-- ASSIGNMENT --
Please write out exactly the line containing "Fischhandel Metz Nes - VVV Ameland" below and every line after it, through the last one, but leave out any pictures.

-- DATA SECTION --
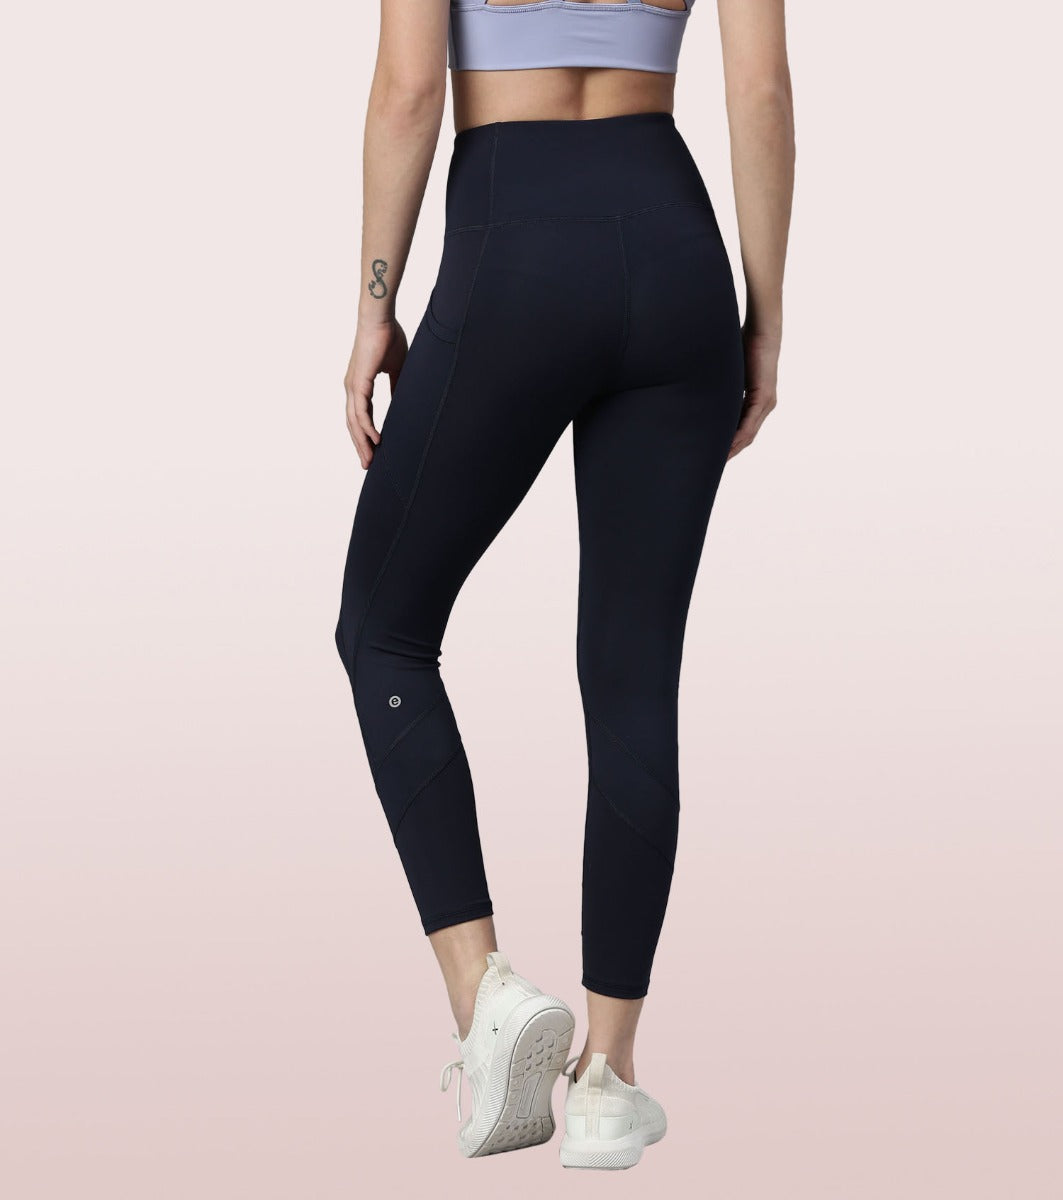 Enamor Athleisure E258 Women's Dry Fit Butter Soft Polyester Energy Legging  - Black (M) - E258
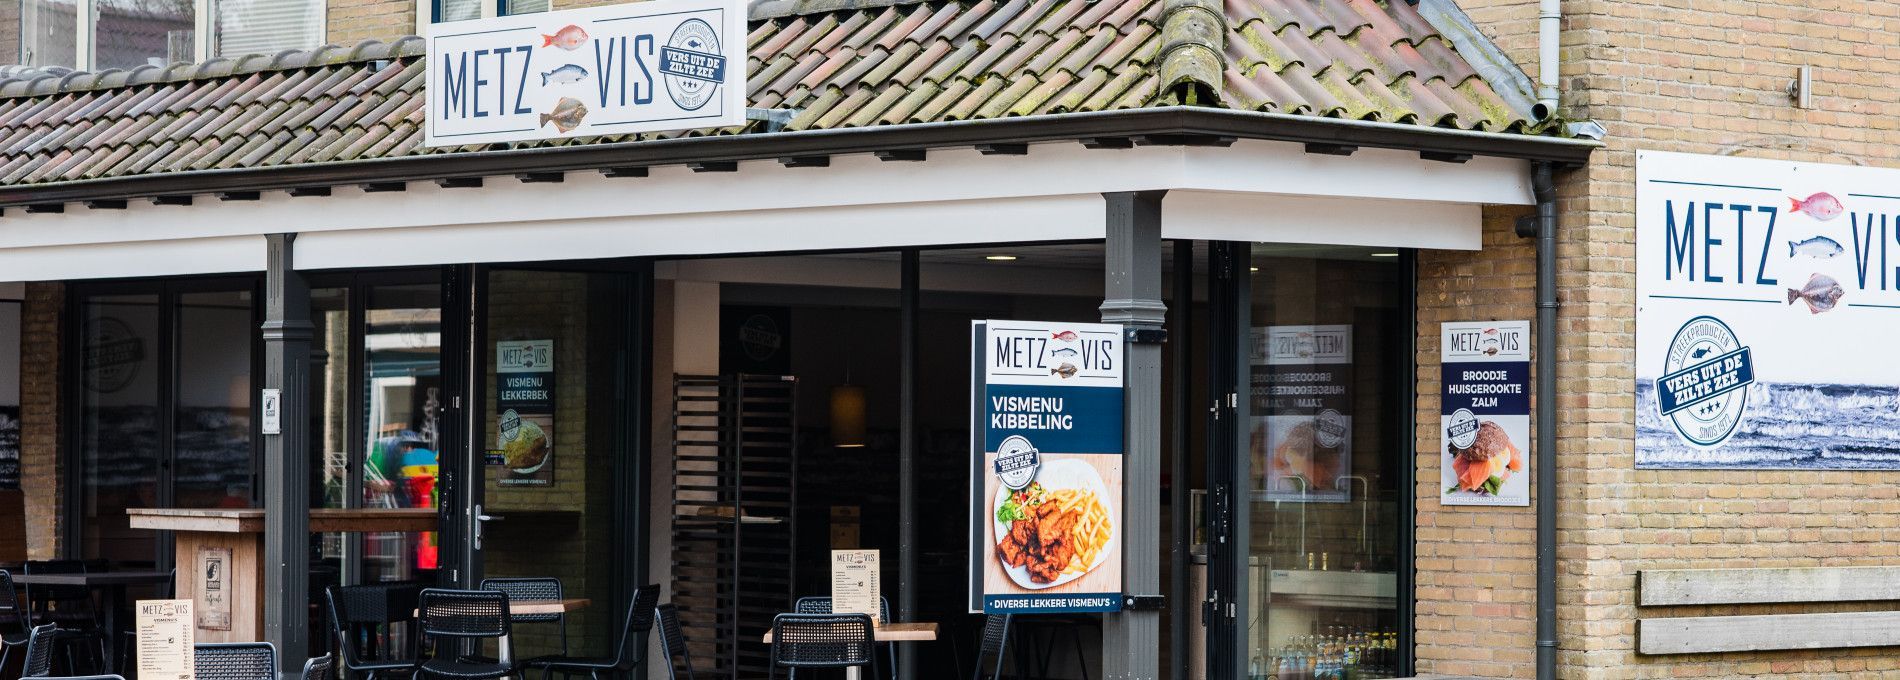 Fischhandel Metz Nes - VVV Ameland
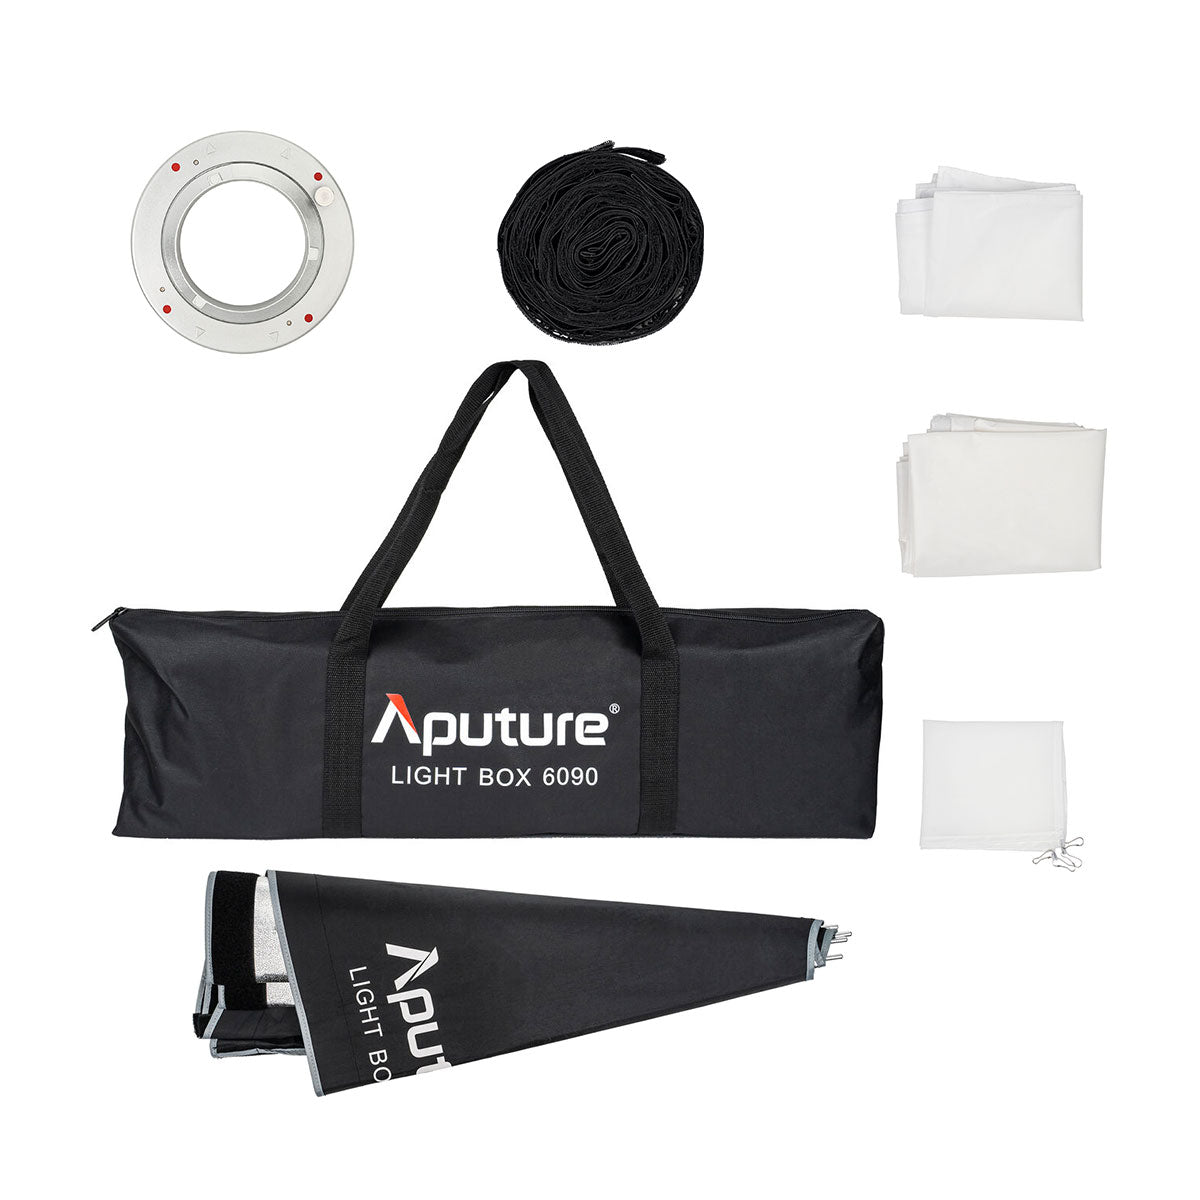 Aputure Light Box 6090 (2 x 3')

-- TASK RESULT --
 Fischhandel Metz Nes - VVV Ameland
 Aputure Light Box 6090 (2 x 3')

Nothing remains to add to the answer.